The new paper formally acknowledges that much has already been done locally to improve the condition of the Bay. It promises “to quantify the contributions these [local] programs make,” and insure that “appropriate credit” is given for their achievements. In it, the state makes a commitment to pursue nutrient reduction strategies “within a framework of local initiatives,” without “unfunded mandates” and “in the least intrusive manner possible.” The Commonwealth, according to the new paper “does not intend to dictate or micro-manage” nutrient reduction programs, but rather “to build partnerships with communities and the private sector” to accomplish the goals of the Chesapeake Bay agreement.

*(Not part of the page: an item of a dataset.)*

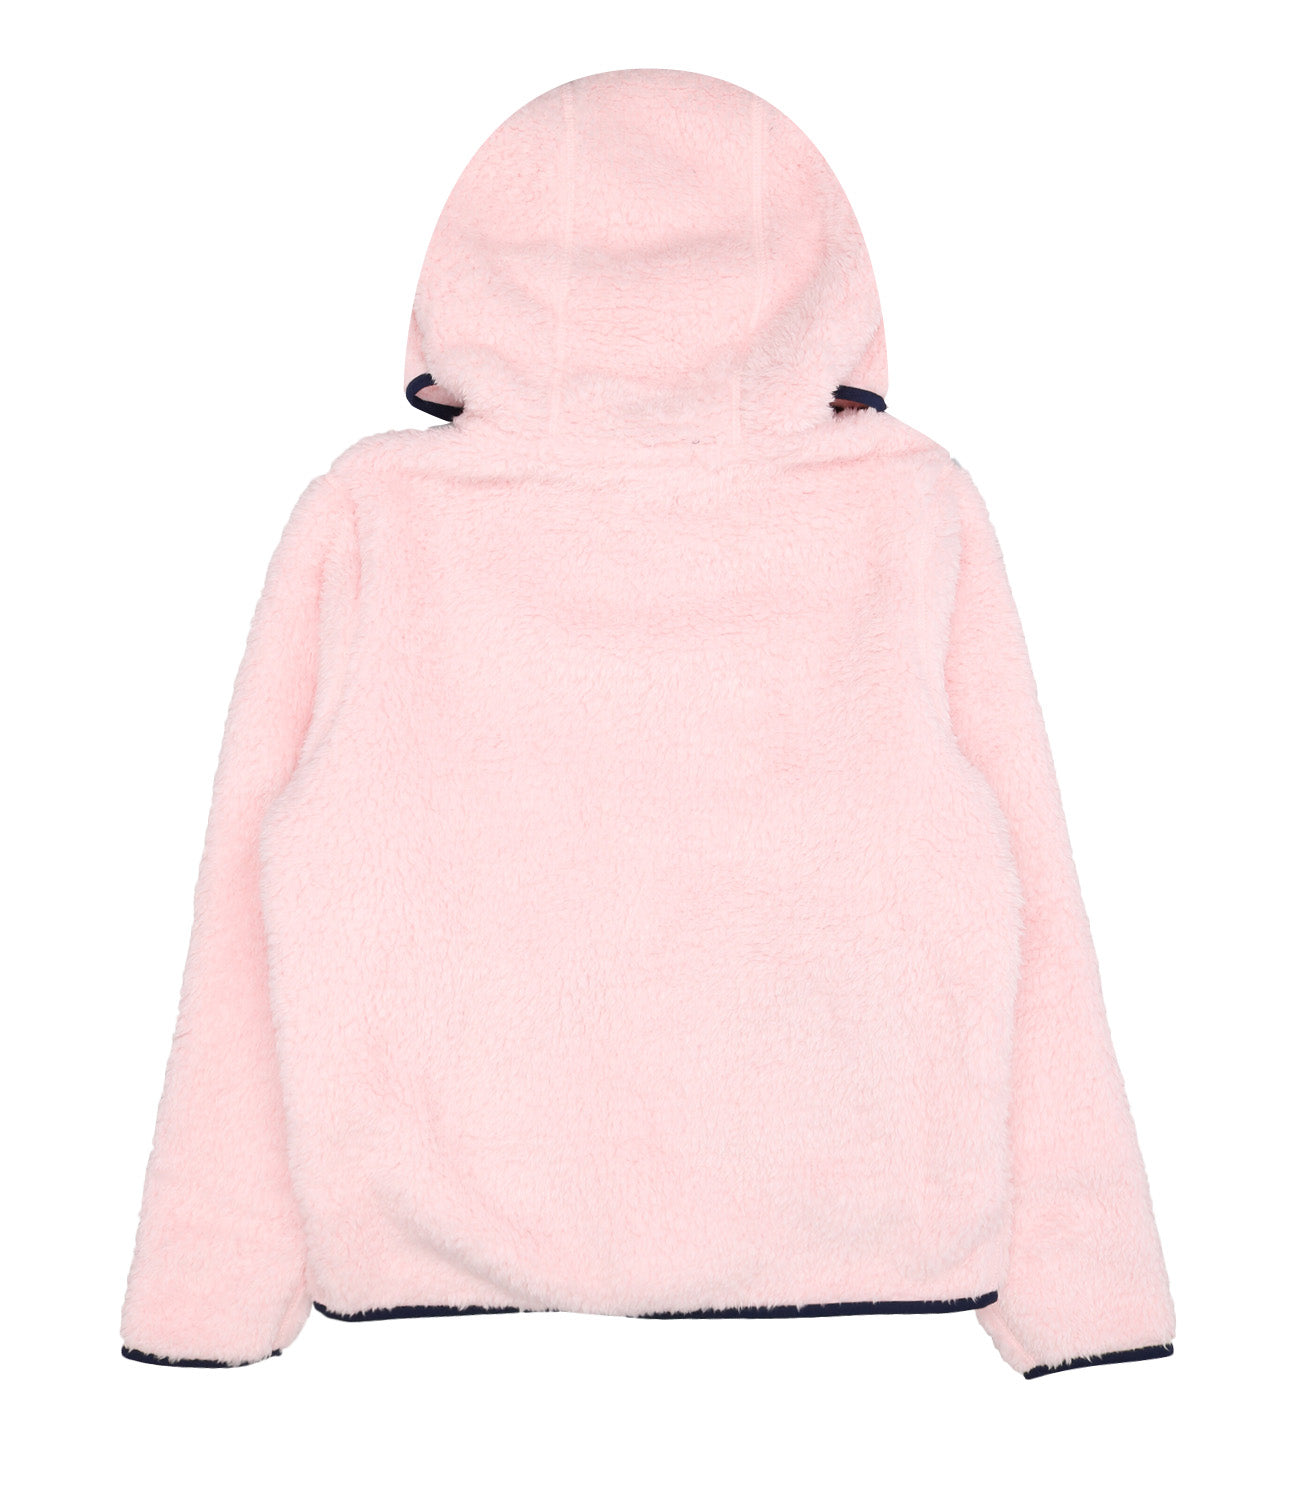 Ralph Lauren Childrenswear | Sweatshirt Pink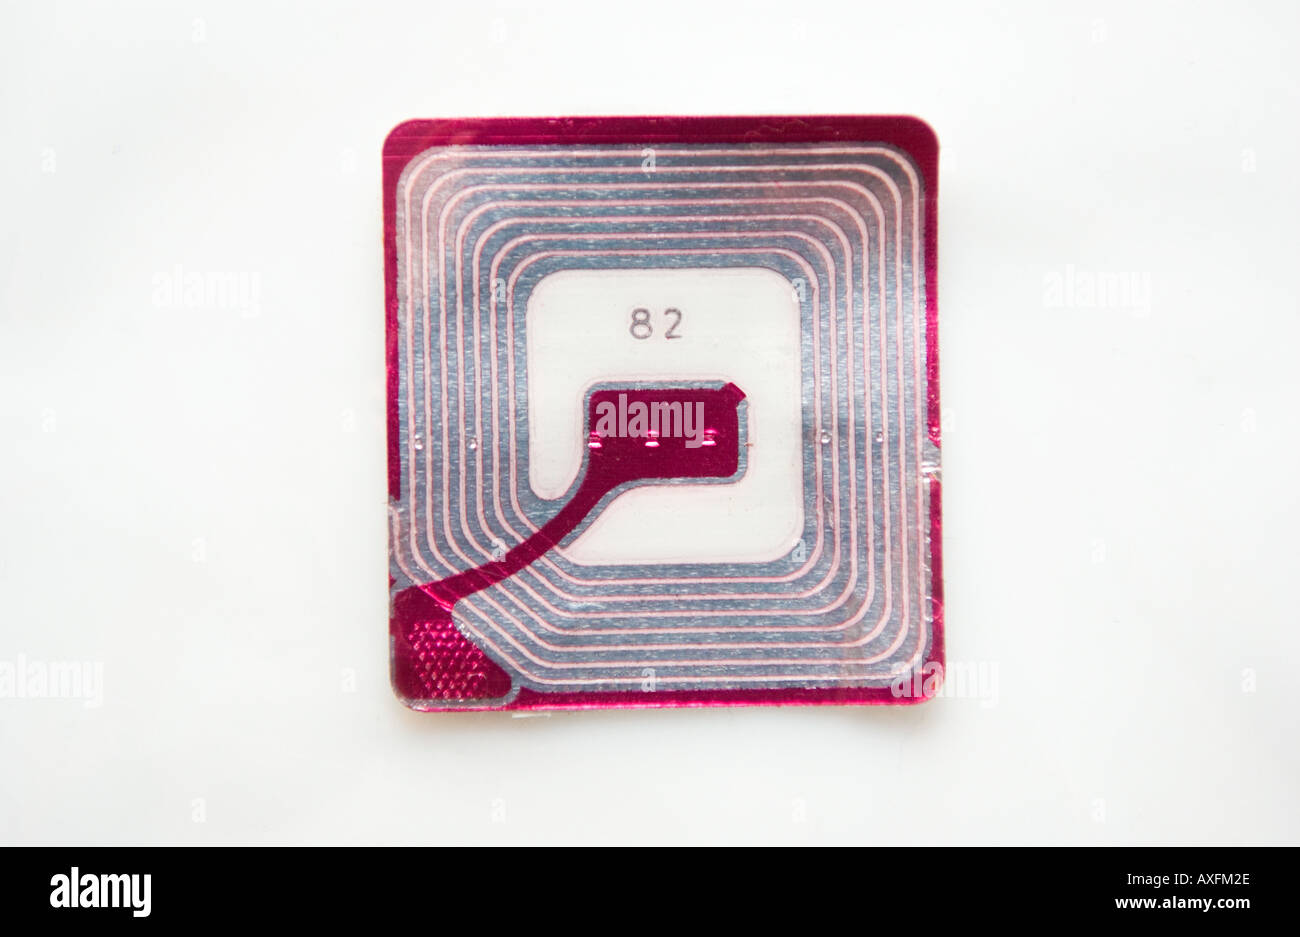 RFID Chip ,(Radio Frequency Identification) Chip wie auf der Verpackung  gefunden Stockfotografie - Alamy

In other words, the new DEQ paper sets out a scenario in which we continue to implement our locally initiated nutrient management programs, the state continues to pursue its own sponsorship of similar programs, and we all get to say that—as the numbers show—we are on our way, in Virginia, to achieving the 40 percent nutrient reduction goal for nonpoint sources. As the new DEQ paper says, it is “within our reach.”
The farmers are sleeping well at night. At DEQ there seems to be a new sense that we can accomplish our goals through voluntary, good-faith efforts. I think there is a sense of accomplishment and satisfaction all around. Everyone is living happily ever after—so far.